Citation: Journal of the American Animal Hospital Association 50, 6; 10.5326/JAAHA-MS-6090
Two weeks postoperatively, the incision was healed and the owners reported decreased incidence of urinary incontinence. Physical and neurologic examinations were otherwise unchanged from prior to surgery. Four months postoperatively, the owners reported via telephone only rare incidences of urine dribbling, a tail that was no longer deviated, and no evidence of pain or discomfort at the previous surgical site.

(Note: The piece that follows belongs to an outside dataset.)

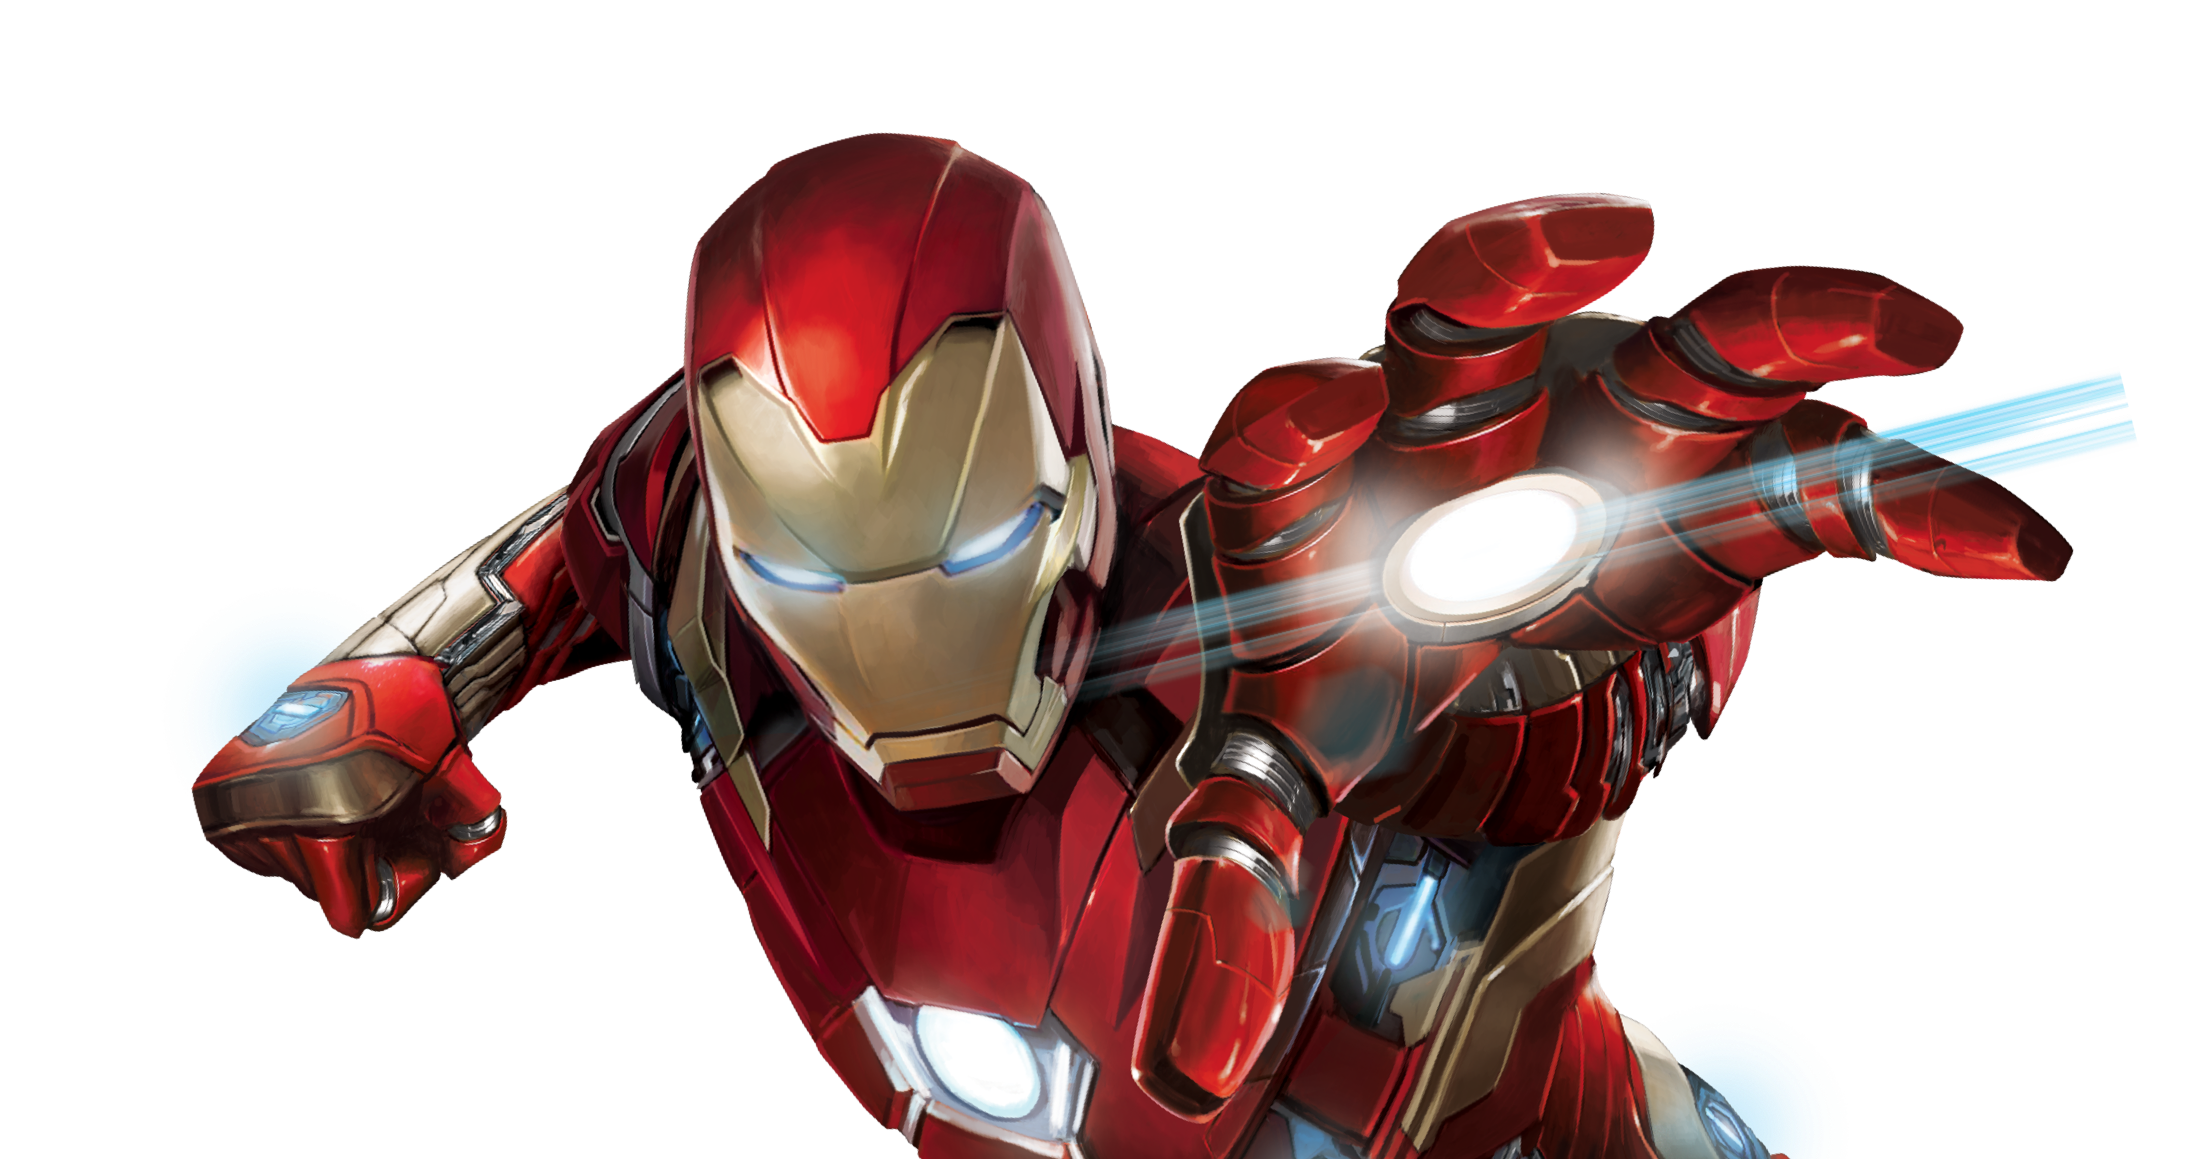 Iron Man Flying Png Transparent Image - Iron Man, Transparent background PNG HD thumbnail
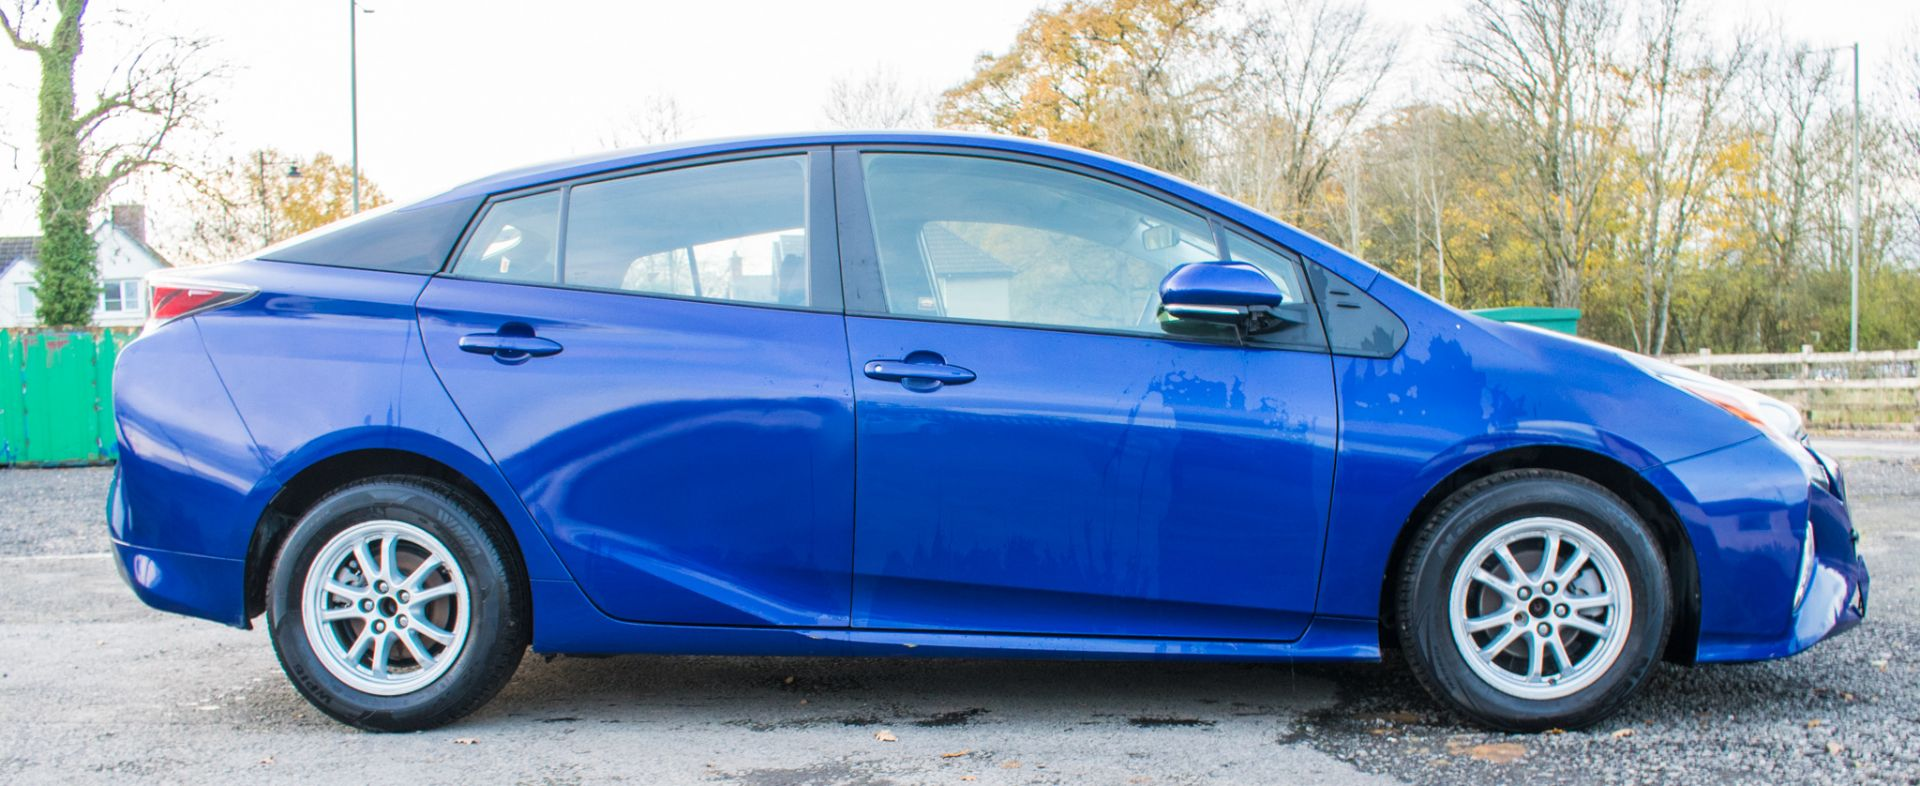 ToyotaPrius ActiveHybrid Electric 5 doorHatchback  Registration Number: LM67 OKH Date of First - Image 7 of 17

Histopathology of the skin defect and associated tubular structure revealed a segment of spinal cord parenchyma that contained remnants of the central canal lined by cuboidal to columnar cells that resembled ependymal cells. This parenchyma was surrounded by a thin layer of fibrous tissue resembling meninges. Within the spinal cord parenchyma were multiple small capillaries, glial cells, and occasional neurons. This confirmed the presence of a meningomyelocele (Figure 5).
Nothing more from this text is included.